Cardiac calsequestrin (CASQ2) is an intrasarcoplasmic reticulum (SR) low-affinity Ca-binding protein, with mutations that are associated with catecholamine-induced polymorphic ventricular tachycardia (CPVT). To better understand how CASQ2 mutants cause CPVT, we expressed two CPVT-linked CASQ2 mutants, a truncated protein (at G112+5X, CASQ2^DEL) or CASQ2 containing a point mutation (CASQ2^R33Q), in canine ventricular myocytes and assessed their effects on Ca handling. We also measured CASQ2-CASQ2 variant interactions using fluorescence resonance transfer in a heterologous expression system, and evaluated CASQ2 interaction with triadin. We found that expression of CASQ2^DEL or CASQ2^R33Q altered myocyte Ca signaling through two different mechanisms. Overexpressing CASQ2^DEL disrupted the CASQ2 polymerization required for high capacity Ca binding, whereas CASQ2^R33Q compromised the ability of CASQ2 to control ryanodine receptor (RyR2) channel activity. Despite profound differences in SR Ca buffering strengths, local Ca release terminated at the same free luminal [Ca] in control cells, cells overexpressing wild-type CASQ2 and CASQ2^DEL-expressing myocytes, suggesting that a decline in [Ca]_SR is a signal for RyR2 closure.

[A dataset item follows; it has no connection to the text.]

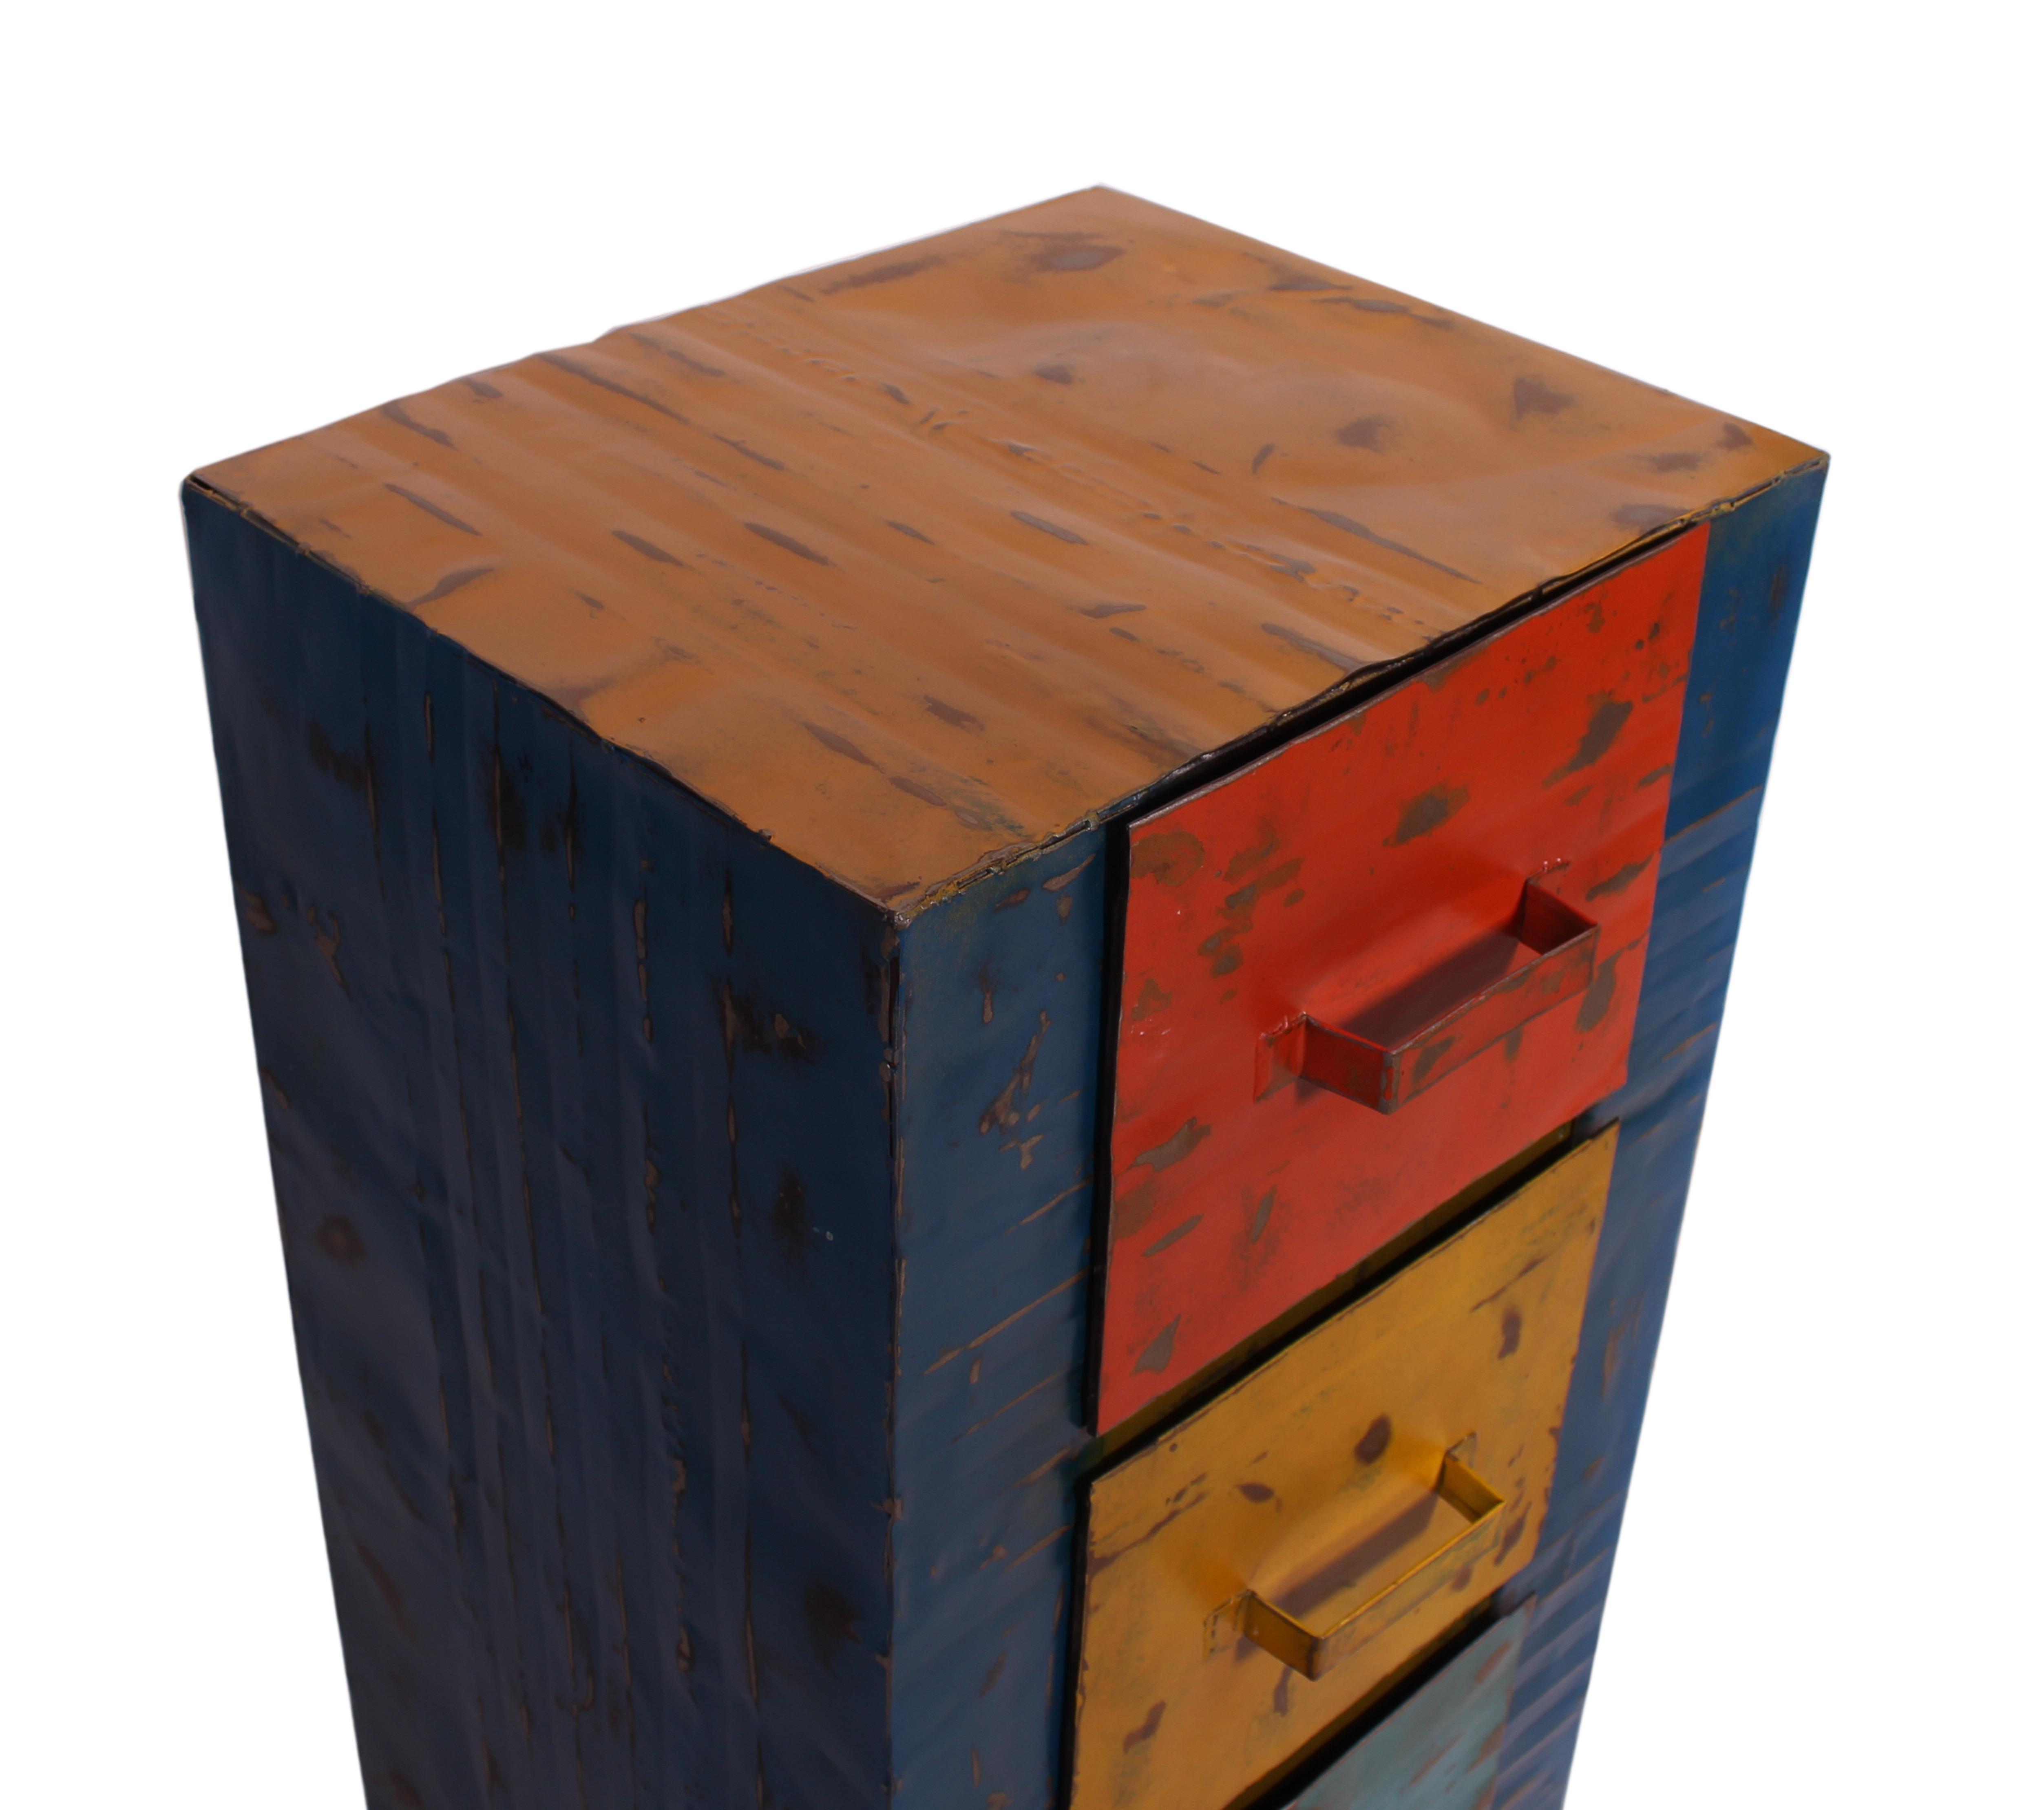 Ölfass Kommode Panum mit 3 Schubladen bunt recycelt

Importantly, disrupting interactions between the RyR2 channel and CASQ2 by expressing CASQ2^R33Q markedly lowered the [Ca]_SR threshold for Ca release termination. We conclude that CASQ2 in the SR determines the magnitude and duration of Ca release from each SR terminal by providing both a local source of releasable Ca and by effects on luminal Ca-dependent RyR2 gating. Furthermore, two CPVT-inducing CASQ2 mutations, which cause mechanistically different defects in CASQ2 and RyR2 function, lead to increased diastolic SR Ca release events and exhibit a similar CPVT disease phenotype.